DATUK Seri Shafie Apdal has been the undisputed king of the hill since achieving his dream of becoming Chief Minister of Sabah.
But the Parti Warisan Sabah president is about to face his biggest test in the impending Kimanis parliamentary by-election.
Kimanis, by most accounts, will be a different kettle of fish from the Sandakan by-election where Shafie’s east coast clout and appeal were instrumental in clinching the stunning win.
For a start, Kimanis is one of only three constituencies in Sabah with a significant community of Bruneian Malays who originated from Brunei.
According to Sabah-born analyst Fui K. Soong, the Bruneian Malays are a minority in the state but they stand out as a community.
“They are known to be rather refined, enterprising and politically tuned-in, ” said Soong.
They are also rather cliquish in their politics.
Shafie may not find the same adoring reception here as on the eastern seaboard where he holds court.
“Shafie enjoys broad support in the coastal constituencies. If you look at the electoral map, Warisan won all the coastal seats. He could possibly swing it in Kimanis but he will have to work for it, ” said Dr Oh Ei Sun, Senior Fellow of the Singapore Institute of International Affairs.
Kadarazanduns make up the second biggest group in Kimanis and, according to Parti Kerjasama Anak Negeri president Datuk Henrynus Amin, although the Kadazanduns are not with Umno, they are not exactly drawn towards Warisan either.
Henrynus claimed that the community is dead set against a proposal by some in the state government to register stateless children which they think will change the geo-politics of Sabah.
And then there is the convoluted Aman family politics.
Kimanis is one of several Umno strongholds dominated by the Aman brothers, Tan Sri Musa and Datuk Seri Anifah.
Their tentacles are still there although they no longer have a stranglehold.
The Aman family is no longer the powerful oligarchy that they used to be when Musa was chief minister.
Musa, these days, seems to has aged overnight.
He has been sporting a grey goatee and moves about with a walking stick although his actual health situation remains a mystery.
The family’s dominance in Sabah’s politics, seen as nepotism by many, was one of the factors that turned people against Barisan Nasional.
“Anifah is a family friend but I really can’t tell if he will go in. He could be the wild card and Kimanis is going to be very hard to call, ” said Oh.
Musa and Shafie are sworn enemies.
But Shafie has a few things going for him now that he is chief minister.
He has the powers of incumbency and Sabah voters have a tendency to gravitate towards the ruling party.
“My sense is that even if Anifah decides to defend his seat, it will be tough for the Aman brothers to flex their muscles, ” said Henrynus.
The Aman family dynamics has also changed.
The family used to be all about Umno but now it is all kinds of everything.
Anifah, said Henrynus, is partyless after quitting Umno and his family members support Tun Dr Mahathir Mohamad and Pakatan Harapan.
Musa’s son-in-law Datuk Arifin Mohd Arif recently became Parti Pribumi Bersatu Malaysia’s division chief in Kimanis.
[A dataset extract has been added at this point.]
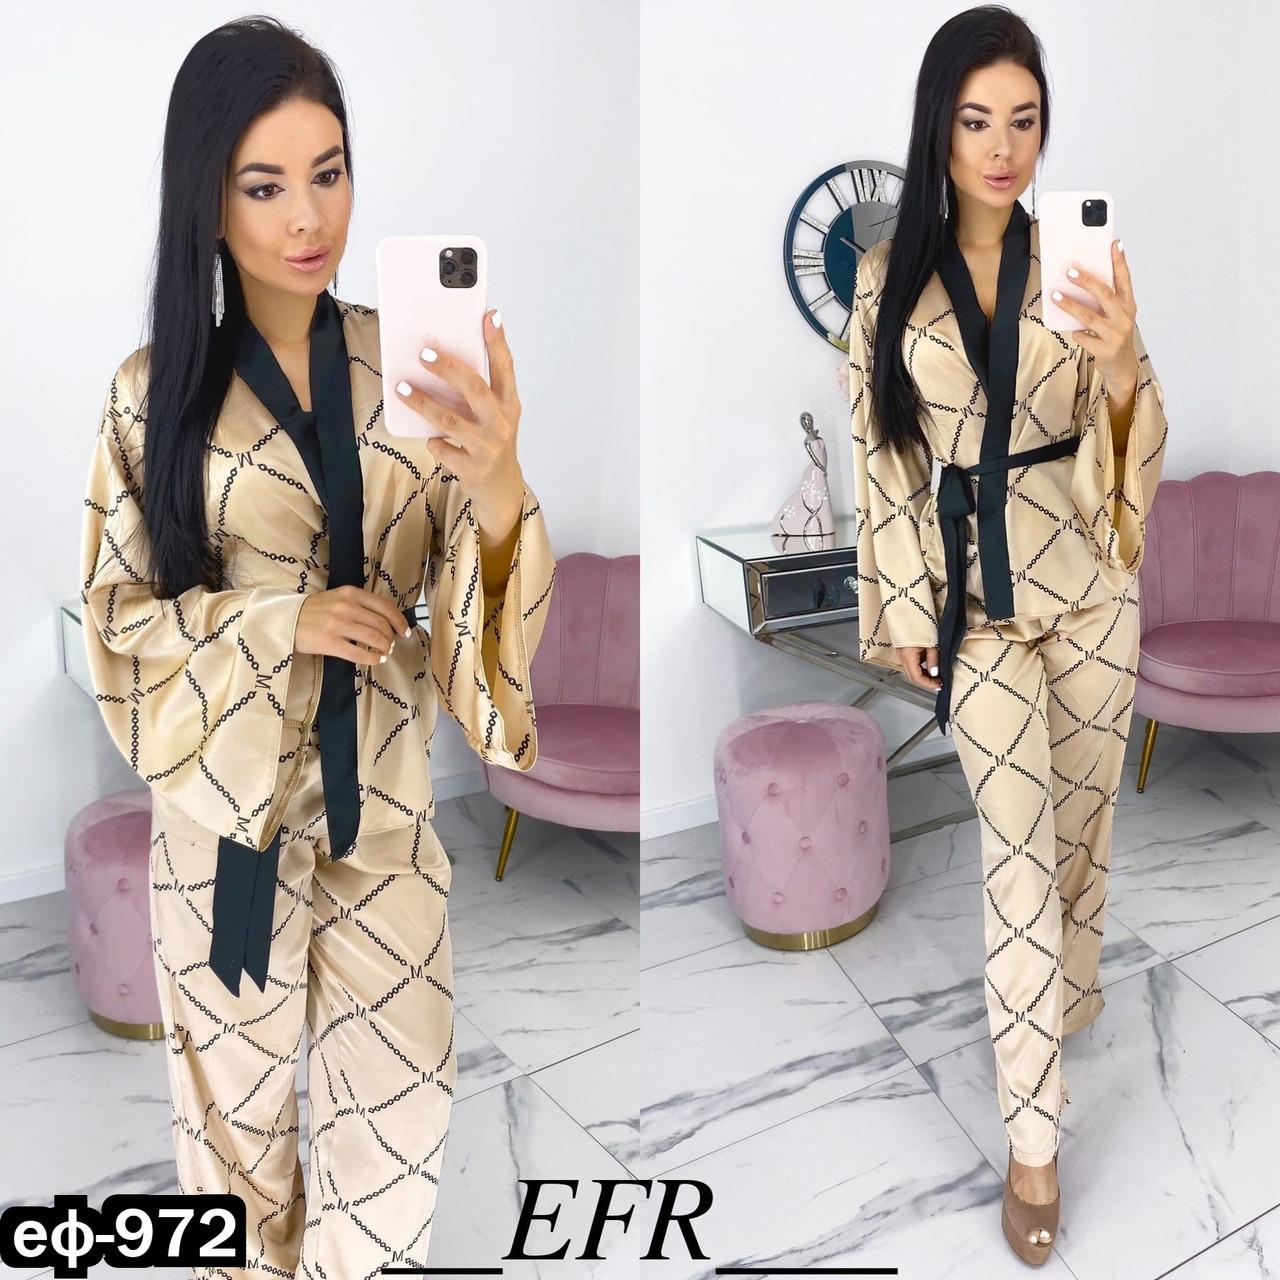 Женская стильная шелковая пижама 2 цвета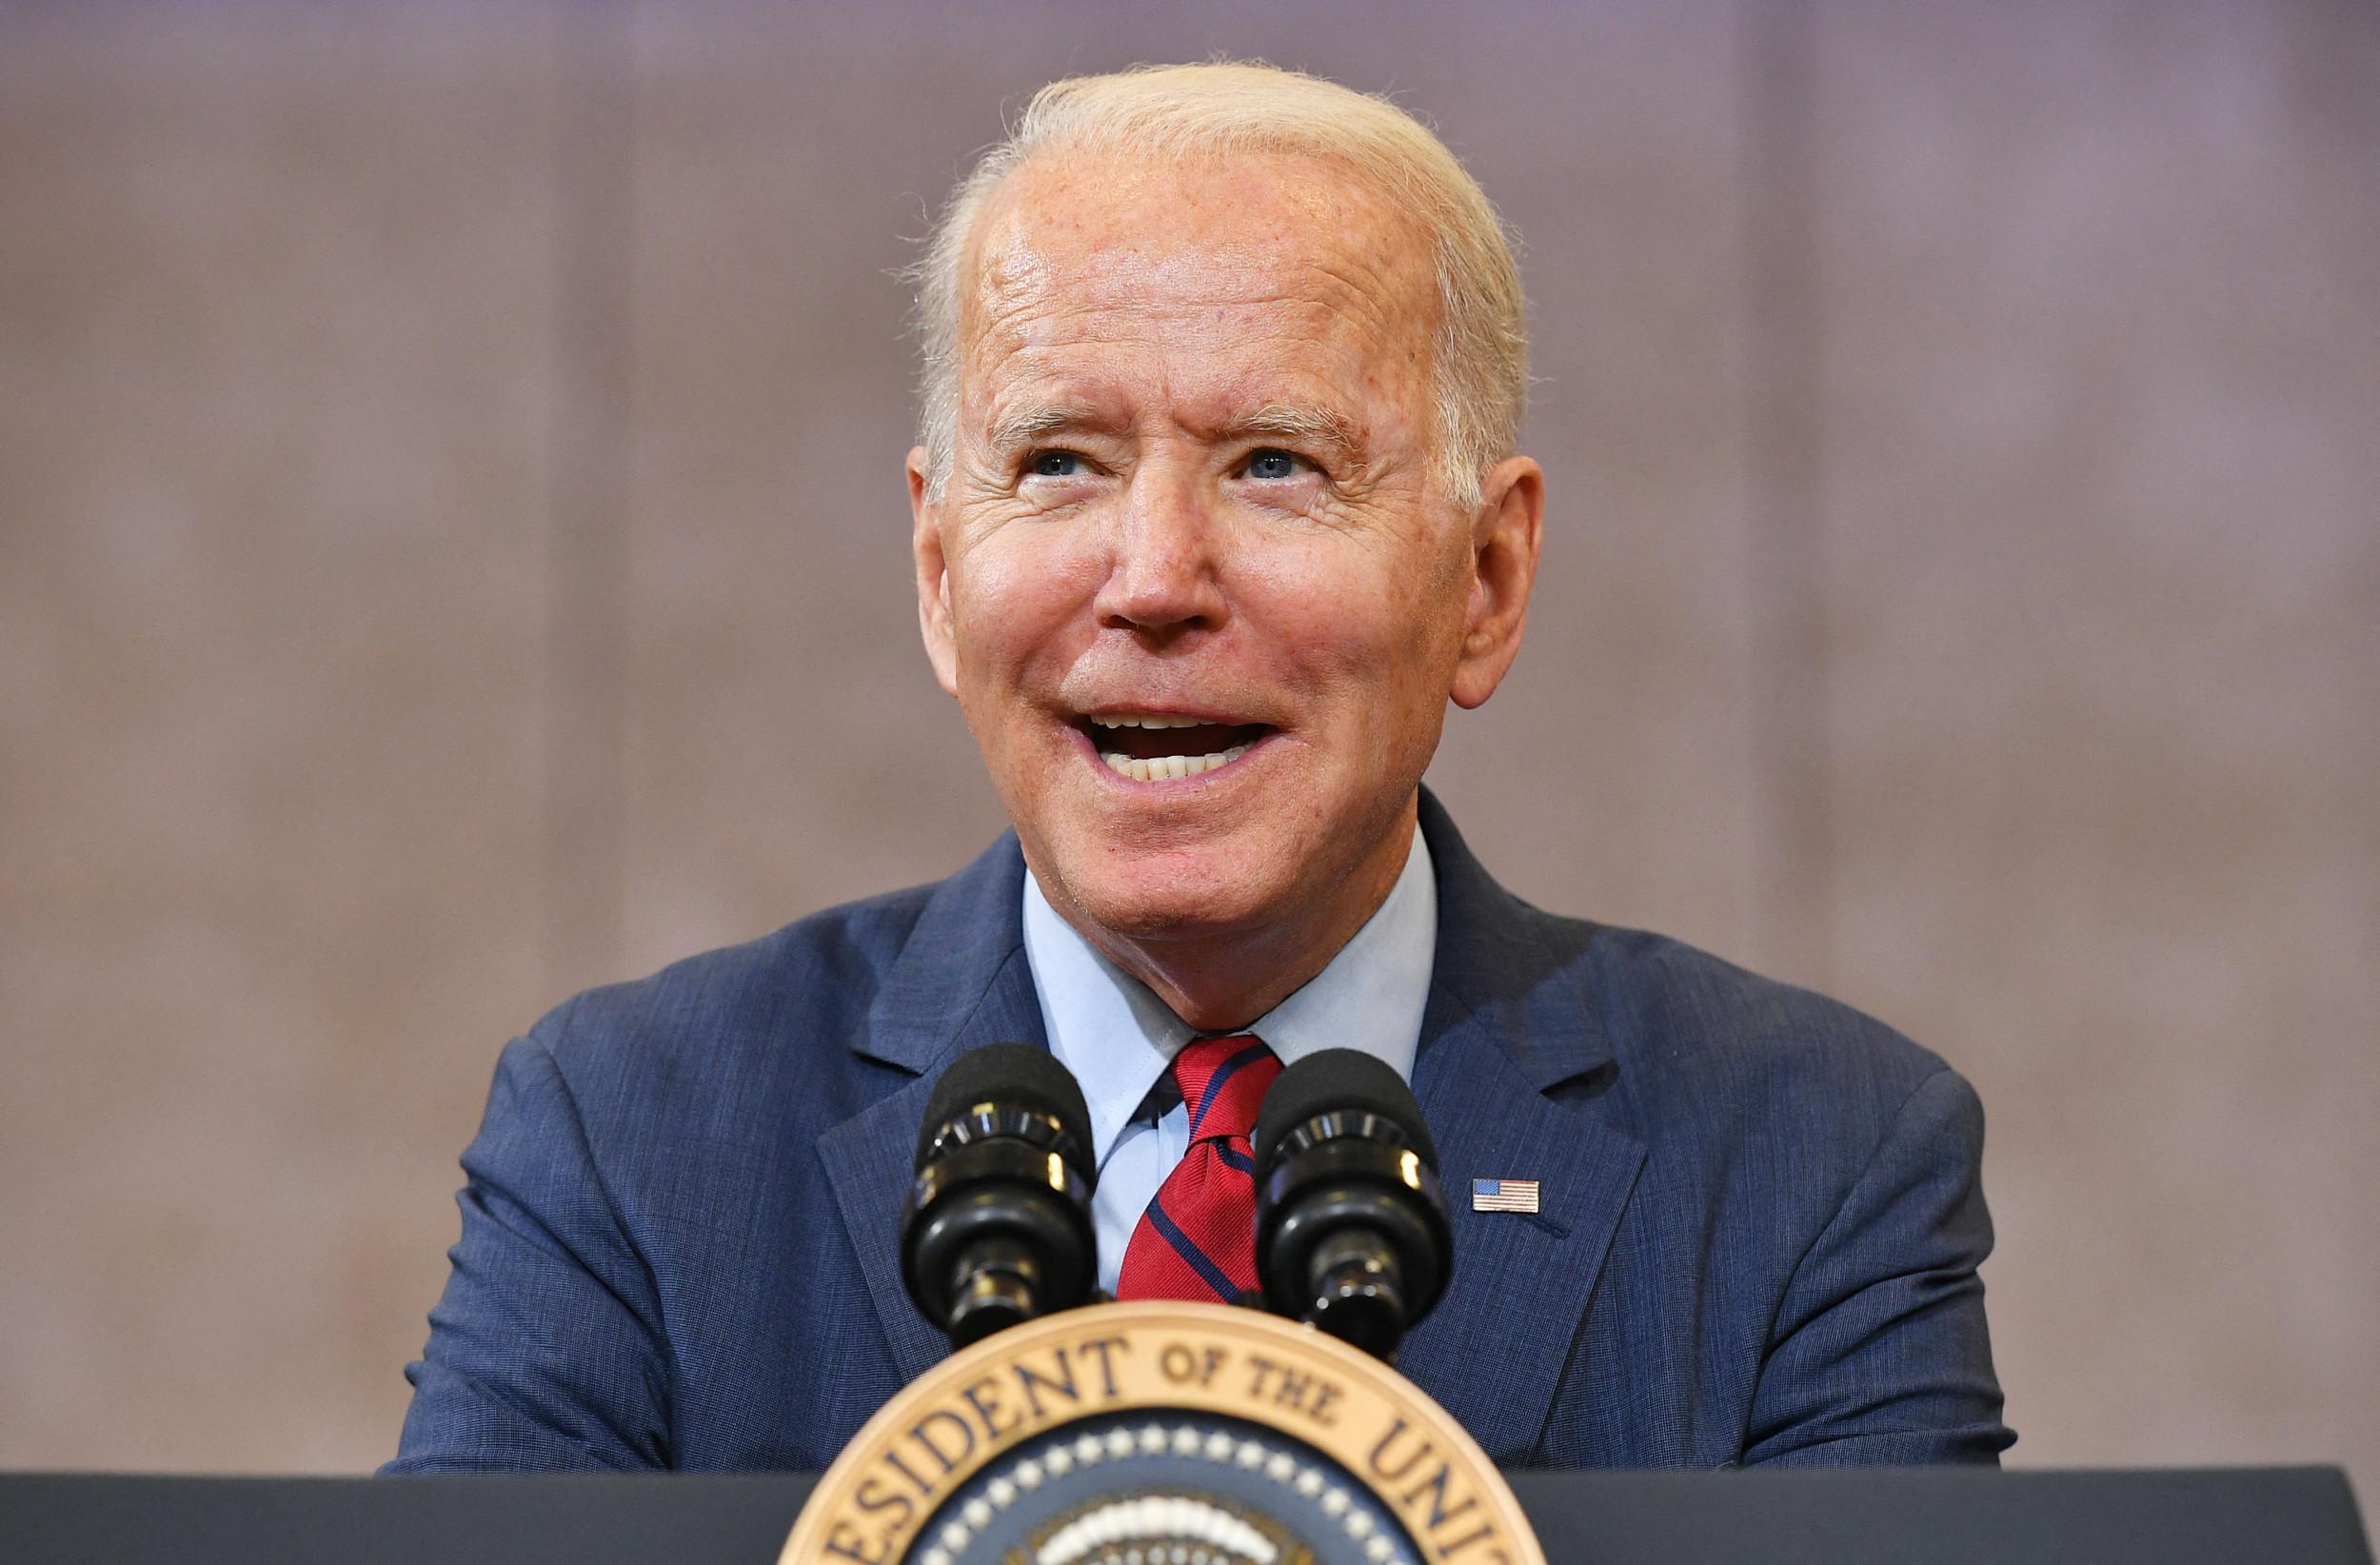 Joe Biden saying 'Latinx' sparks widespread mockery, wave of jokes

Arifin is also the assemblyman for Membakut, one of two state seats in the Kimanis parliamentary area.
Musa’s son Yamani Hafez, who is Sipitang MP, had also tried to join Bersatu but his status is still pending.
The pattern here is obvious – the Aman family threw their support behind Dr Mahathir whom they see as a protector because they knew that Shafie was sharpening his knives for them.
But, as Henrynus pointed out, although the Aman family is with Bersatu, it does not necessarily mean that they will support Warisan in the by-election.
Old feelings die hard and it is unlikely that they would want to strengthen Shafie’s hand.
“The Malay base here is quite conservative, the sort who have no quarrel about what Zakir Naik is doing.
“I won’t be surprised if they play the race card and the religious thing to get the Malay vote, ” said Soong.
Kimanis will test Shafie’s support outside of his comfort zone. It will also likely spell the end of the Aman family legacy.
“Umno has been in disarray in Sabah and the by-election will be a test of whether the party is finished or still has hope in the state, ” said Henrynus.
It will also be a gauge on whether Sabah sentiments are affected by the politics in Putrajaya.
The Kimanis by-election, if it happens, will be quite riveting given the embedded political rivalries and the tangled family dynamics taking place amid race and religious sentiments.